02-04-2021 di redazione
The allergy of Italians to foreign languages is well known.
When they go abroad, their ignorance is often backed up by very valid alibis ("the teacher hated me at school", "during a trip to England I caught chicken pox") and some venial lies ("I understand everything, but I have some difficulty with pronunciation", or "I speak seven languages fluently, but I often get them mixed up").
This explains the success of Malindi, a happy island for the glottological ignorance of our fellow citizens.
In fact, those 'semi-illiterate' locals have learned our language much faster than we have managed to do in thirty years with theirs and with the elementary notions of English that would suffice to make themselves understood down here.
From the day you set foot in Kenya, you realised that the official language is Kiswahili, the commercial language is English, but the one most used in Malindi is Italian.

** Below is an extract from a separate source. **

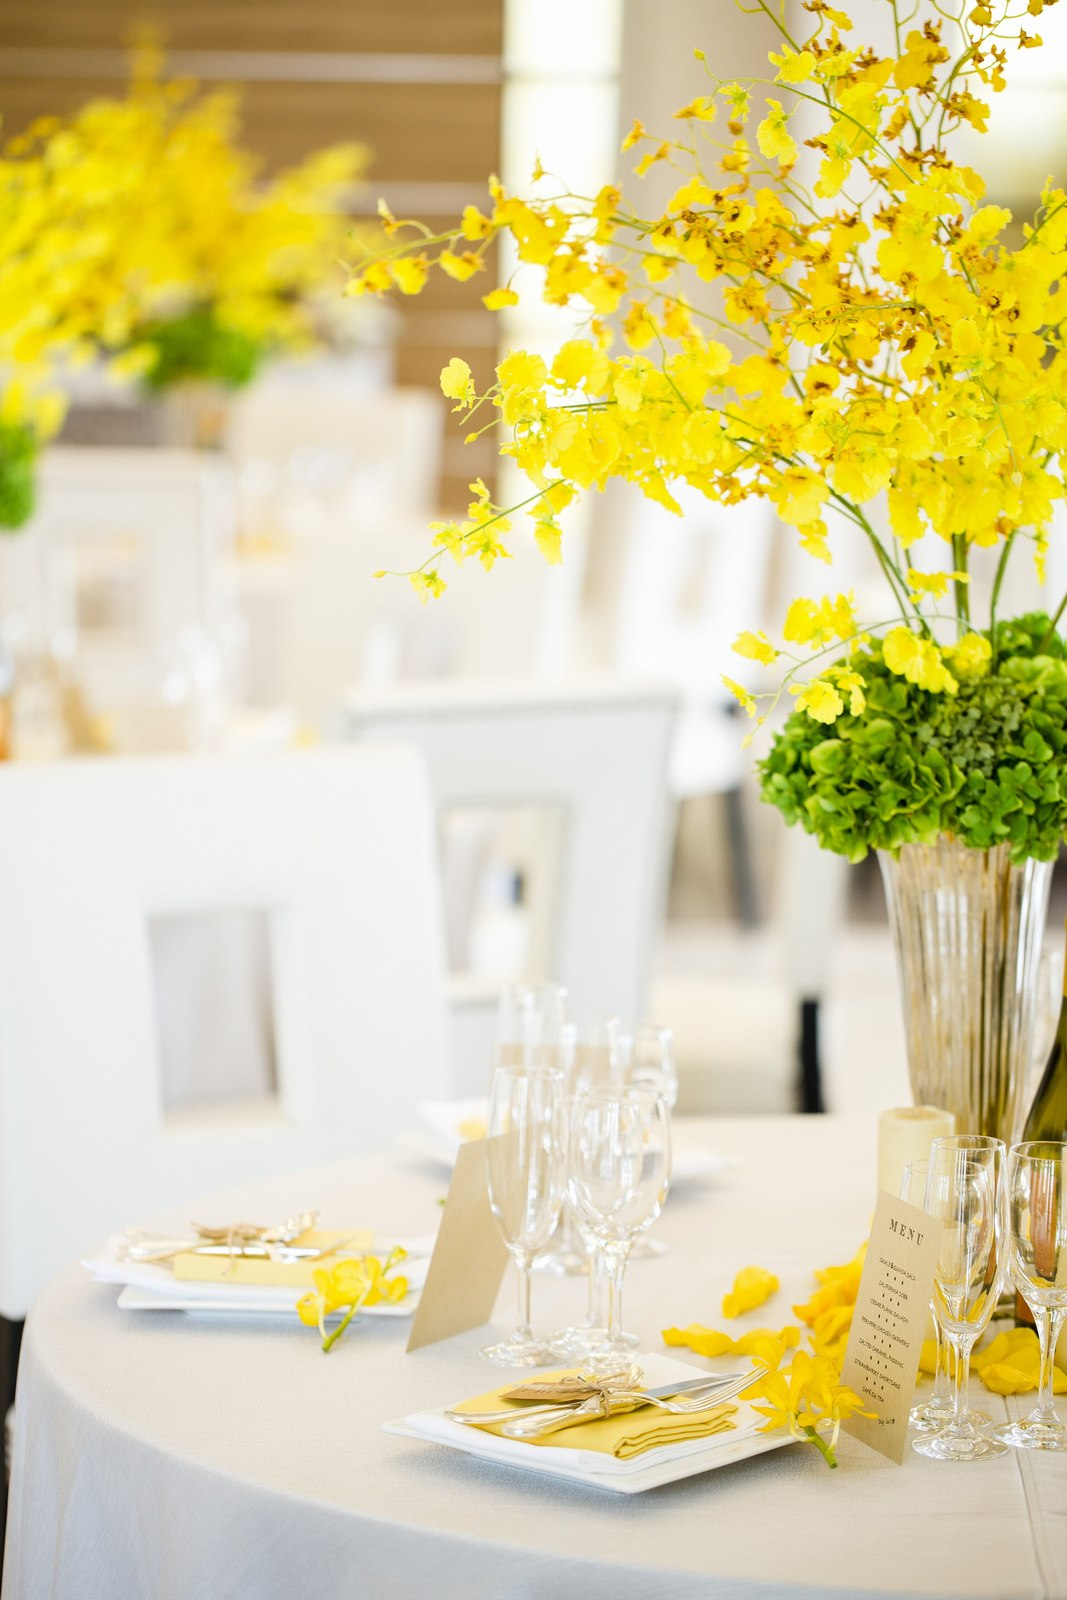 香川県の人気の結婚式場のシェルエメール&アイスタイルのテーブルコーディネート

In fact, while at the airport in Mombasa the first African you met greeted you with the classic "Jambo!", as soon as you arrived in Malindi, you were greeted festively with a "Ciao amico!" or a "Benvenuto, fratello!", if not also with polished expressions such as "Salve, I hope your stay will be to your liking", or a more direct "Allora, vecchia canaglia, come ti va?" that will make you feel at home, especially if you are from Frosinone or the Verona area.
Every now and then, however, the much touted ignorance of Africans comes to the surface.
You will notice, for example, that if you order in Italian at a restaurant, you will inexplicably be served something different from what you asked for. Yet you had made it clear to the waiter: 'I would like a grilled sirloin steak, not overcooked, and as a side dish a mixed salad with a little rocket, corn, finely chopped celery, green beans and balsamic vinegar'.
To avoid any inconvenience and to be able to move easily between shops, restaurants and businesses of all kinds, the advice is to recruit one of the many young people you met on the street or on the beach during the first few days of your holiday.
On the other hand, it was certainly their friendliness that made them your friends: among many tourists, they chose you because they understood that you are different from the others, more affable, available, ready to joke and not at all racist.
You really didn't think you would hear any bingo-bongo saying phrases like "red in the evening, good weather we hope" or listening to them singing "tutti al mare a showrar le chiappe chiare".
What fun! The best ones, if you tell them the city or the region they come from, will soon produce a dialect vocabulary that will make the salumiere in your neighbourhood in Italy blush.
Are you from Tuscany? Your new friend will come up with 'I want a hohahola hon la hannuccia horta'.
Are you from Naples? Here they are, walking around and chanting "Uè uagliò, facimm' ambress!".
What spirit, what intelligence! Unbelievable stuff (but they are not all like that, unfortunately...). Characters like these can be trusted. Thanks to them you will do great business, because they know all the local traders. You will pay five thousand shillings for a shell that seems to be handmade, but was actually found, just think, beyond the twelfth coral reef and could be 112 years old.
These young, black, flesh-and-blood dictionaries with reassuring names (Totti, Prezzemolo, Pepperoni, Zucchero, Capodanno) will become your factotums, your business advisors, and thanks to them you can deal with anyone, while continuing to ignore English.
In fact, they will give you lessons in Kiswahili, teaching you that habari is not moto a luogo in città pugliese, but How are you and that you must answer mzuri, which means well, even if they have just stolen your wallet.
However, your Kenyan multilingual friends should not be particularly attractive, so as not to run the risk of seeing them too often accompanying your wife or daughter, nor should they dress too well, so as not to give the impression that you are too rich and cannot pay less for everything.
So you will tend to prefer those who are a bit scruffy, rather dirty and quite slimy.
The best ones on the market are a little guy always dressed in football uniforms with whom you can talk about the Serie A appearances of goalkeeper Donnarumma in the 2016 season and all national and international sports.
Or a stoner with a limp (poor guy) twisted around a bigger stick than him who can get you everything from a lady-in-waiting to friggitelli, or a pirate DVD salesman, a clam pusher and a black-clad cambista who looks like Barry White.
Real characters like these, in Italy, you don't meet anymore.
The homeless man you used to pay for the "bianchino" is now an angry Albanian who asks you directly for ten euros or sells you coke, the village idiot is holed up at home and dispenses his pearls of wisdom from his Facebook page, then his megabytes turn and he stabs his parents.
No one will say hello to you unless they need something from you, let alone stop by for a chat.
So you have learned to do the same thing yourself and now you are surprised that everything is different here!
Everyone smiles, everyone remembers your name!
But most of all, what a beauty, they speak your language!
And the margin for cheating with these poor, jovial people is so small that it is worth socialising.
Especially as they will never laugh at you if you keep saying "I'll take a tutu to the marine park" or "I'll go to Watamu with the macaque", if you open a "Pio Box" or go on a safari in "Max Mara".
Because you don't know languages, but you are not stupid!